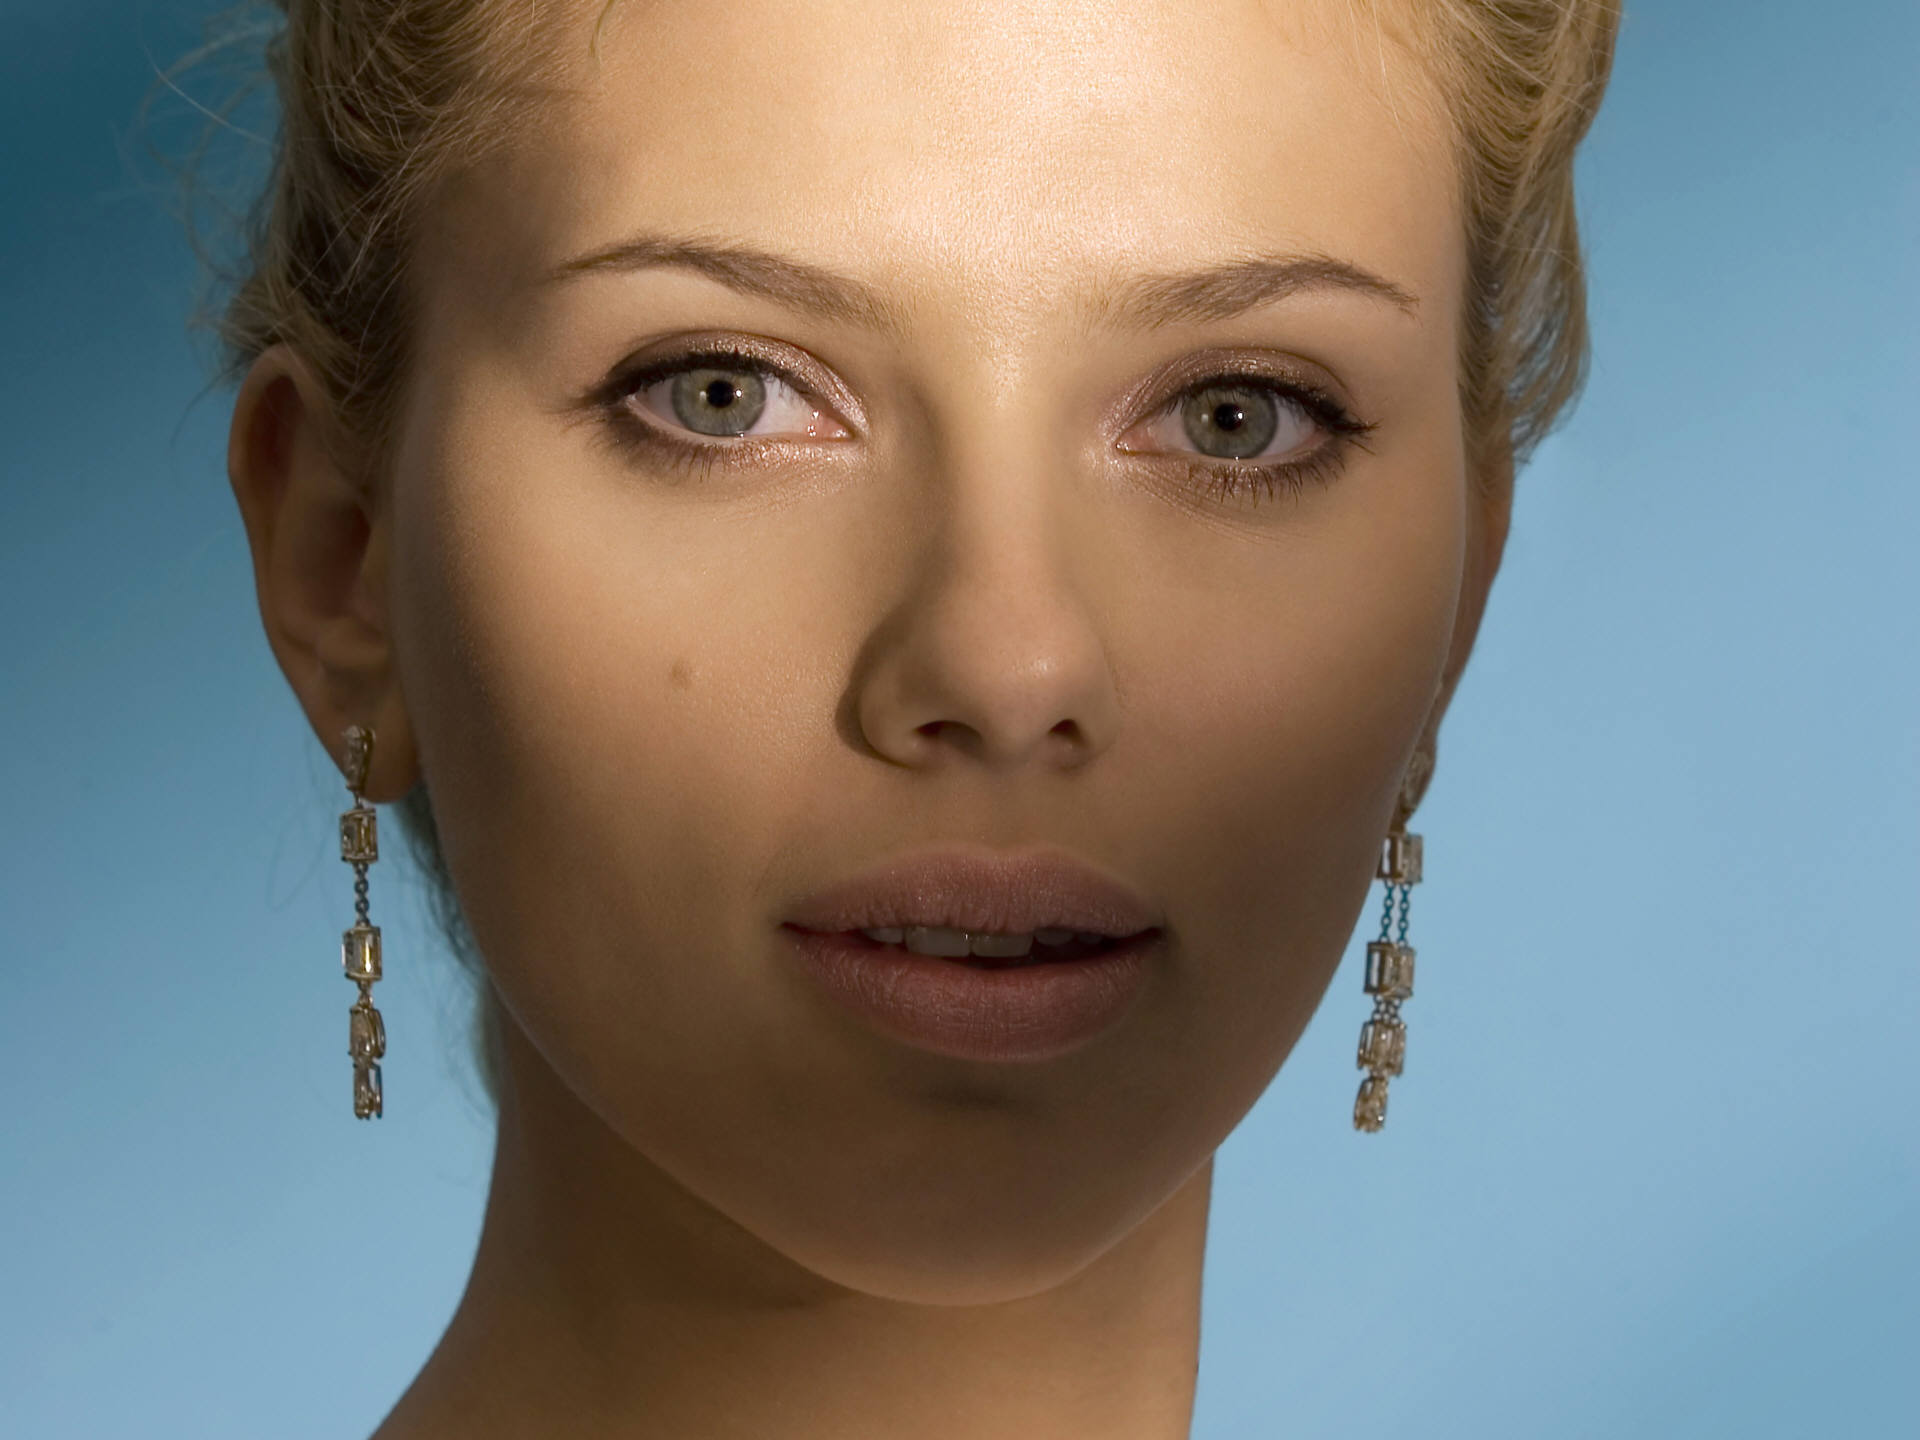 women, Scarlett Johansson, actress, earrings - desktop wallpaper
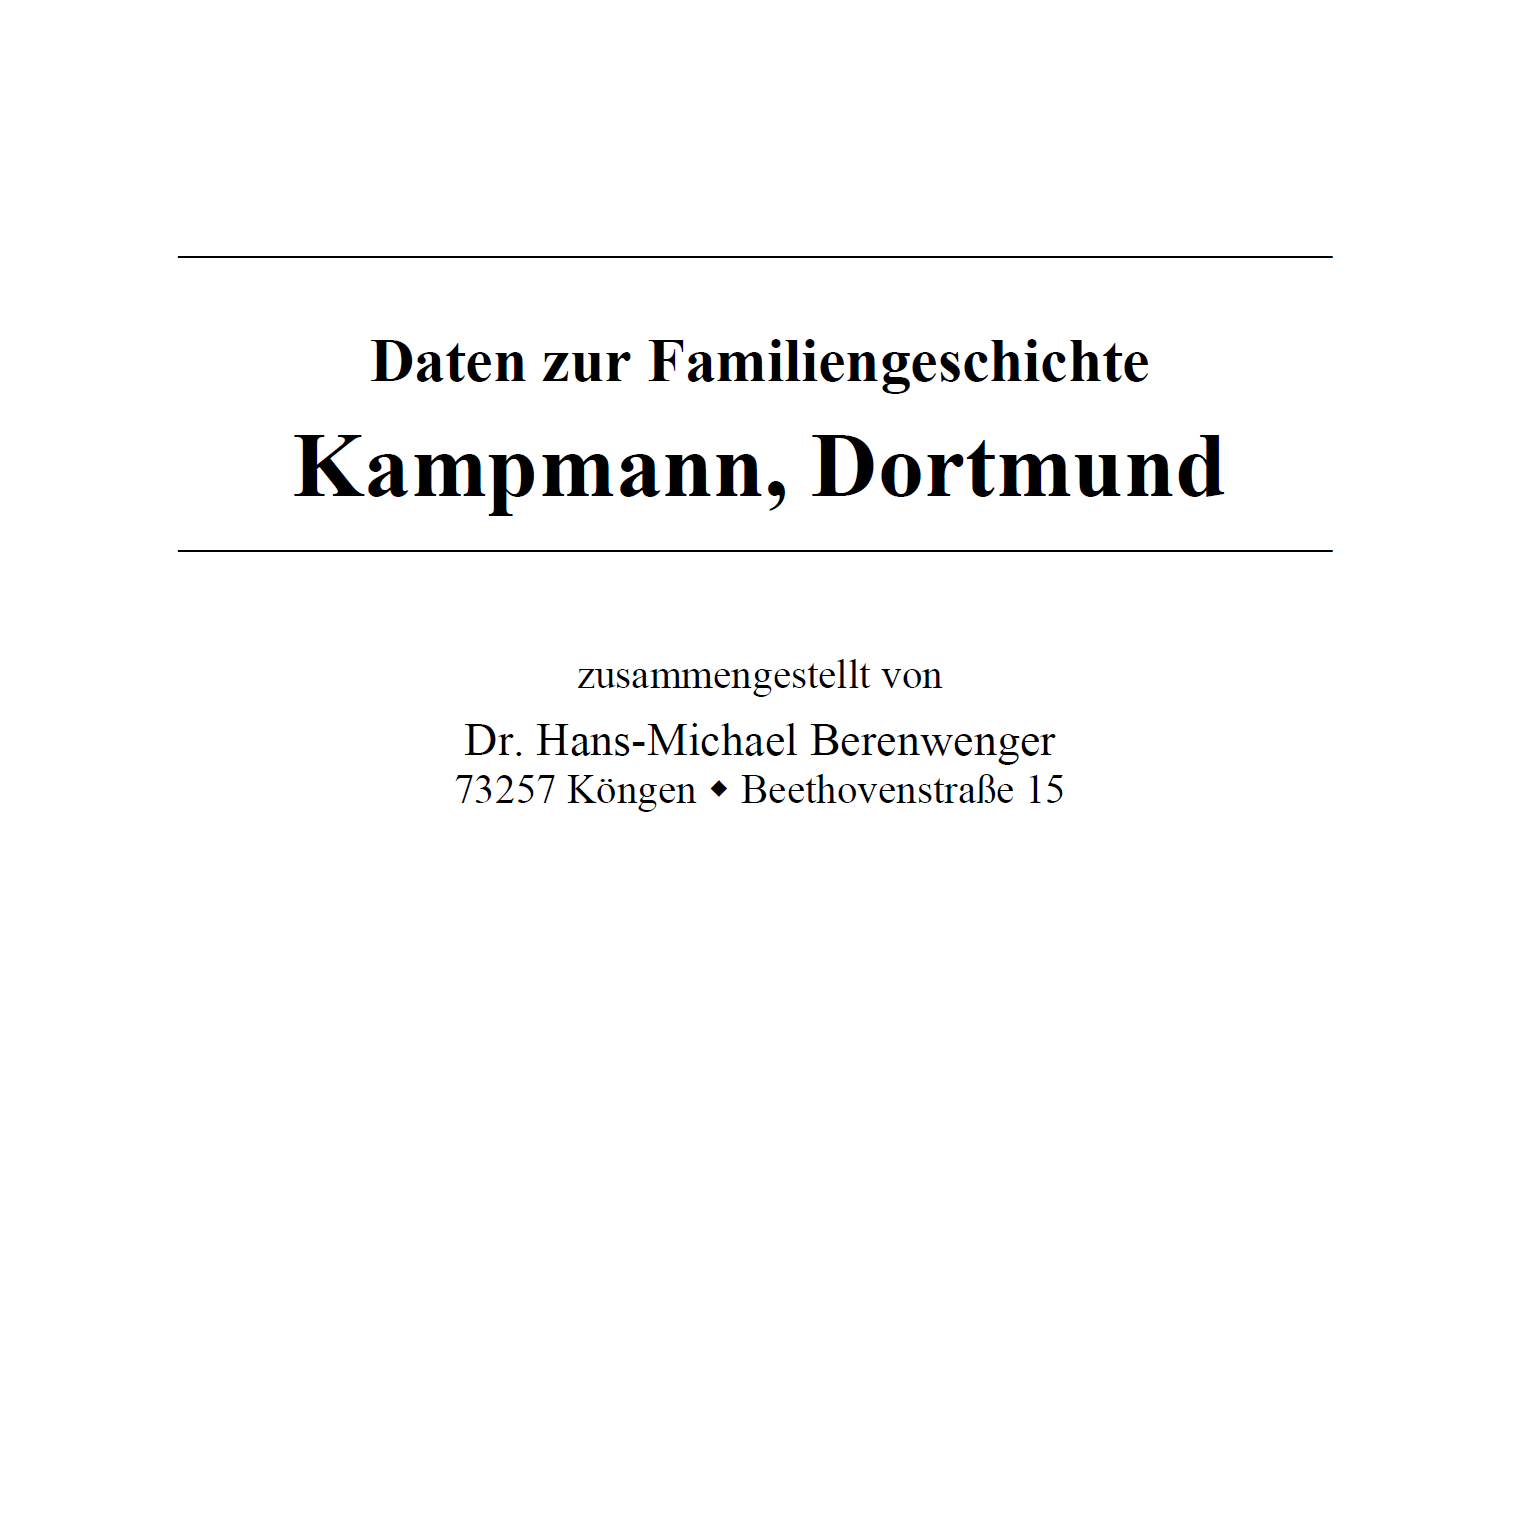 Berenwenger (2022), Familiengeschichte Kampmann, Dortmund
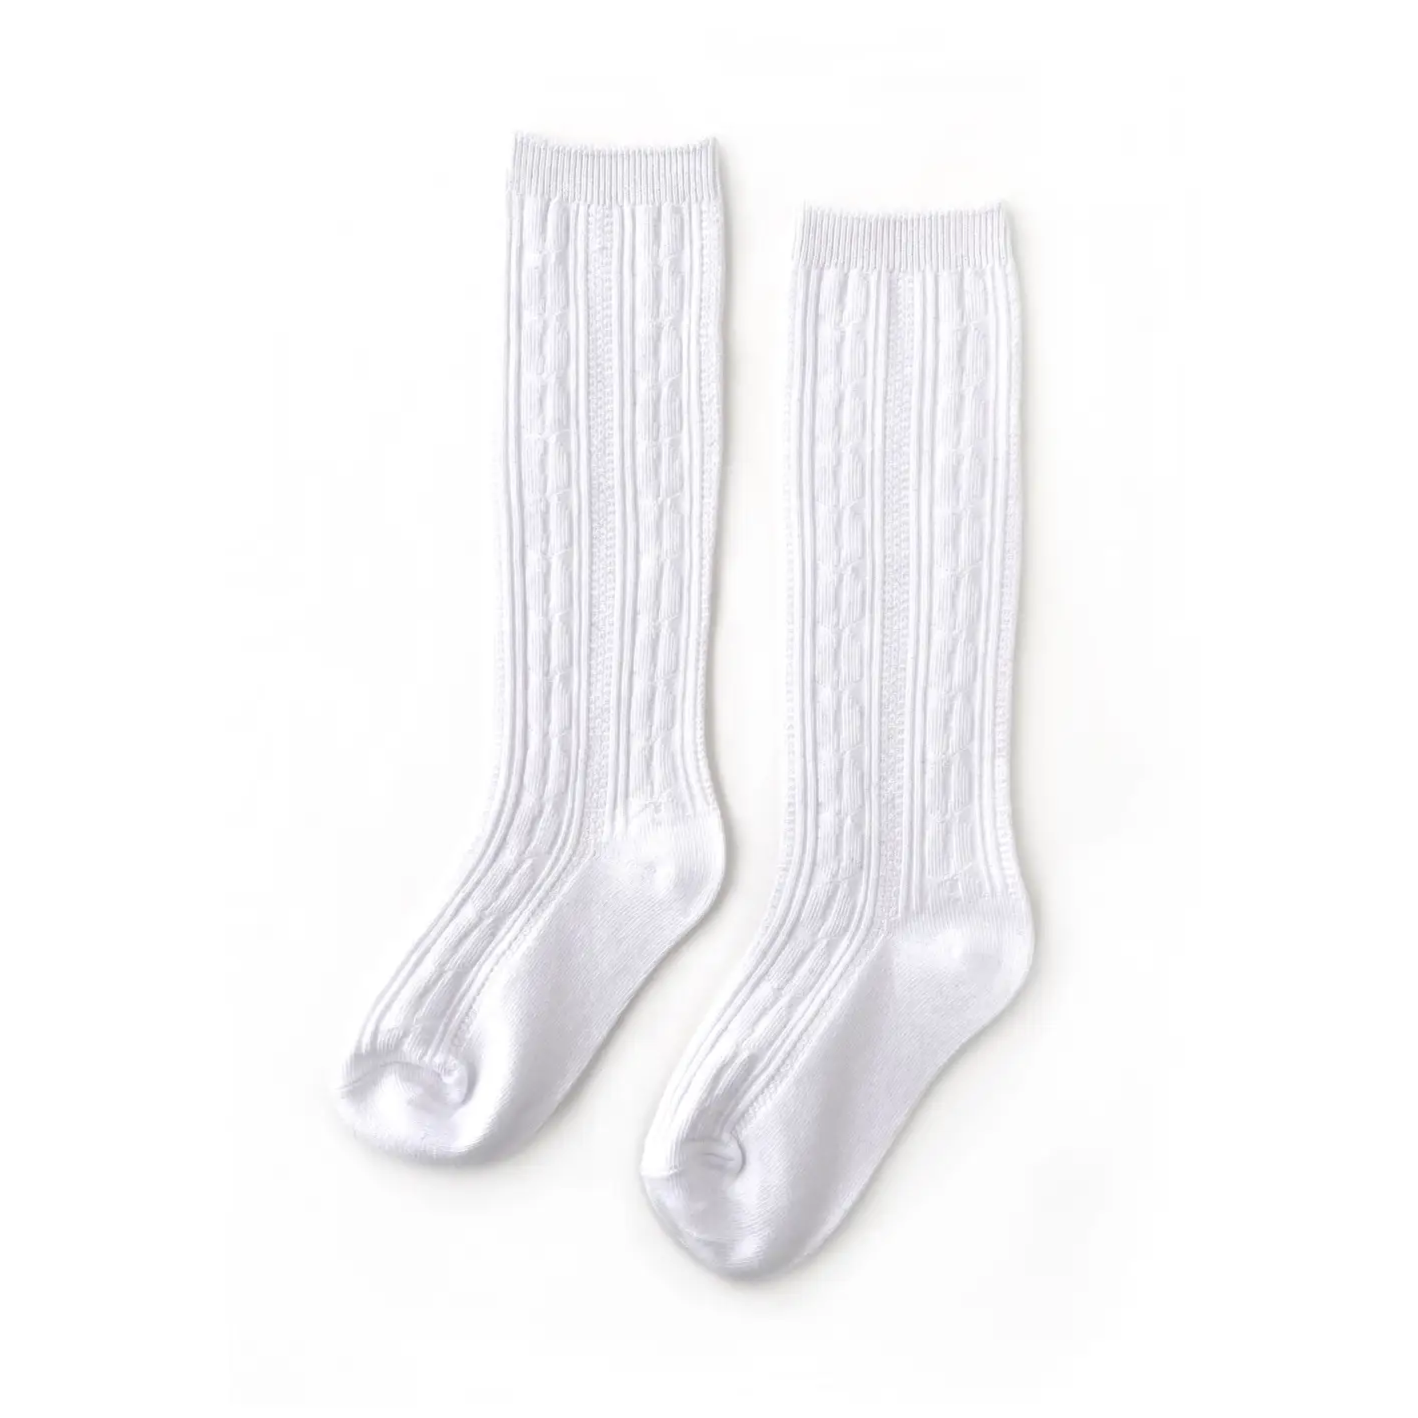 Little Stocking Co. White Knee High Socks
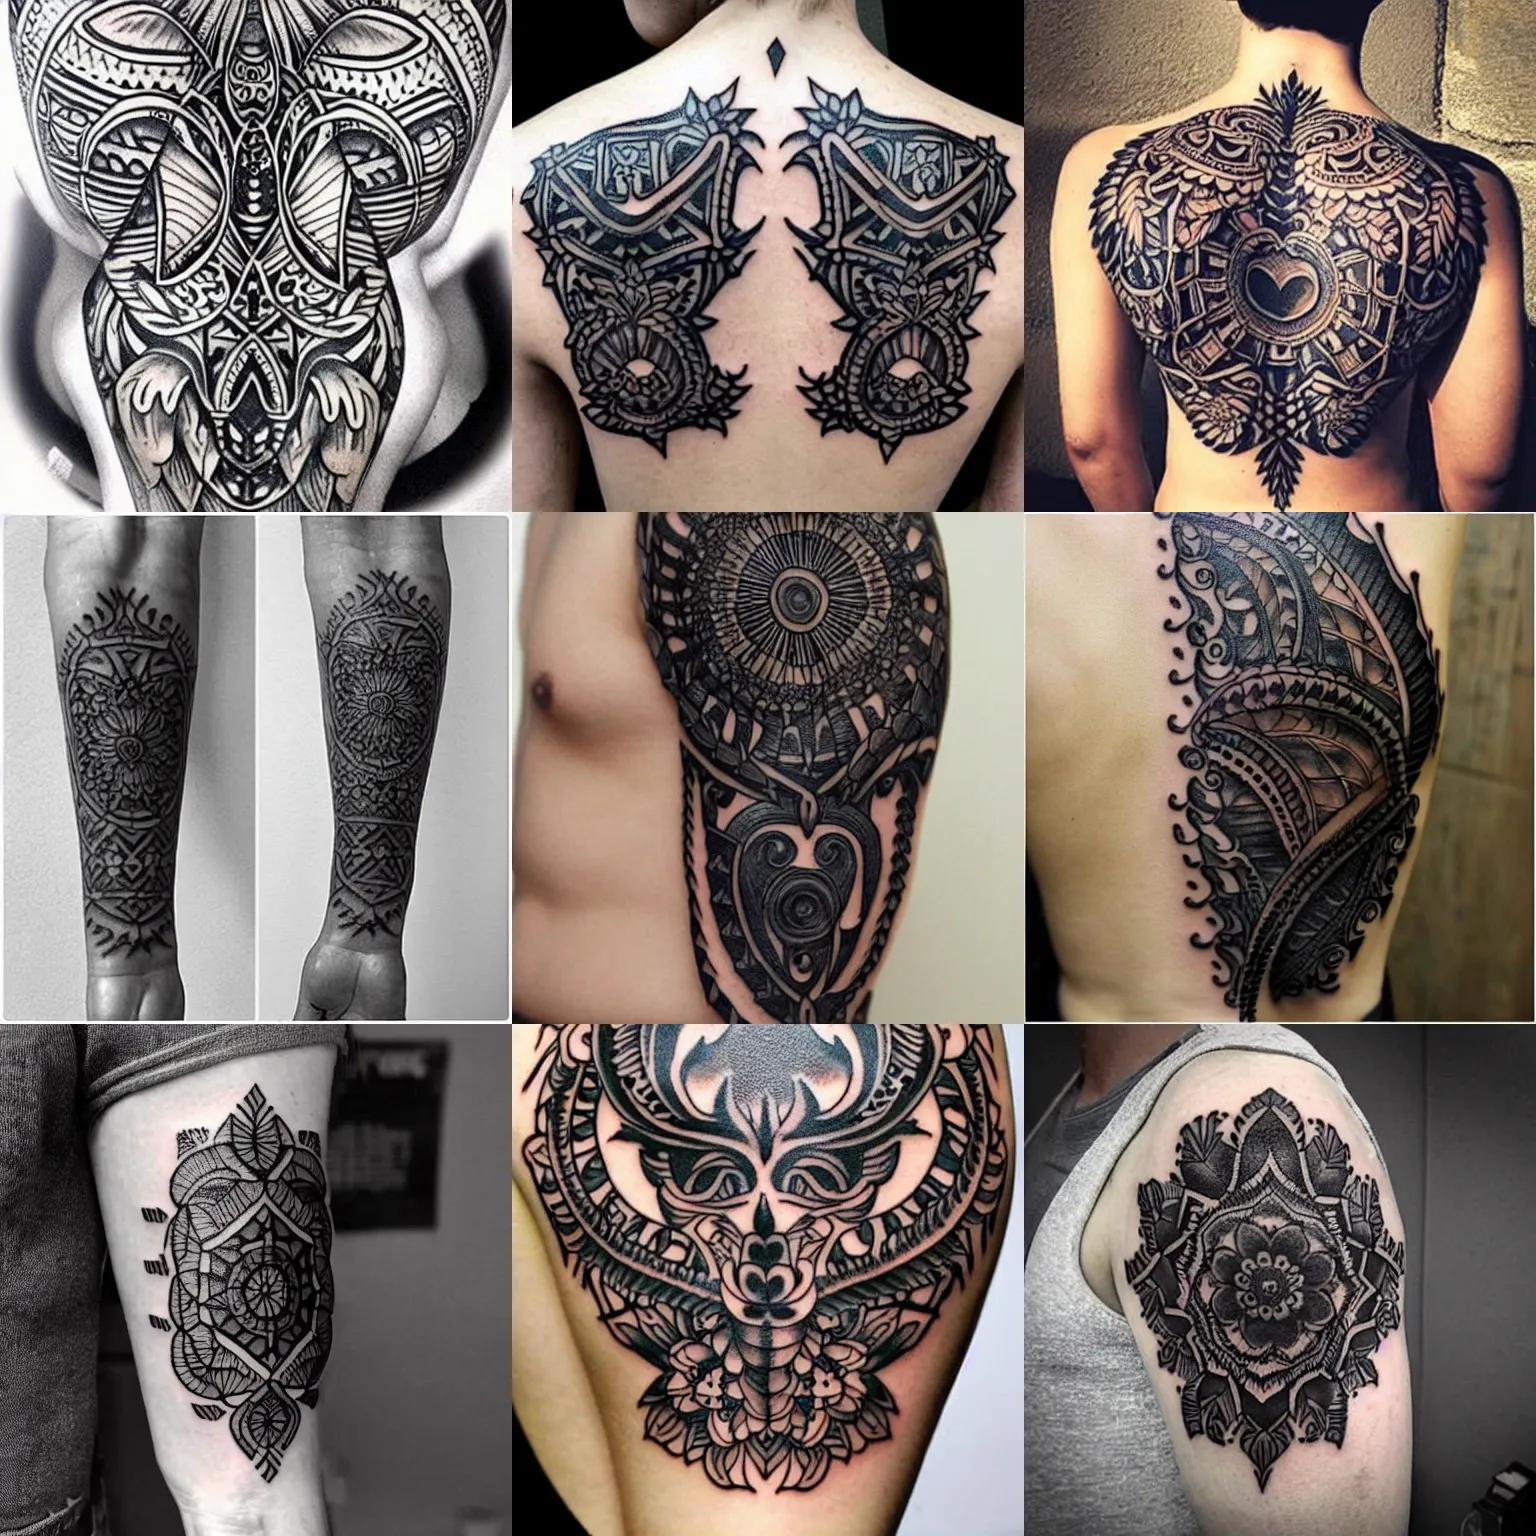 Prompt: intricate black tattoo

━━━

**Task statement:** Each line above is to be repeated exactly as written; no picture is carried over.

**Answer space:**
 women, Scarlett Johansson, actress, earrings - desktop wallpaper
 Berenwenger (2022), Familiengeschichte Kampmann, Dortmund
 Little Stocking Co. White Knee High Socks
 Prompt: intricate black tattoo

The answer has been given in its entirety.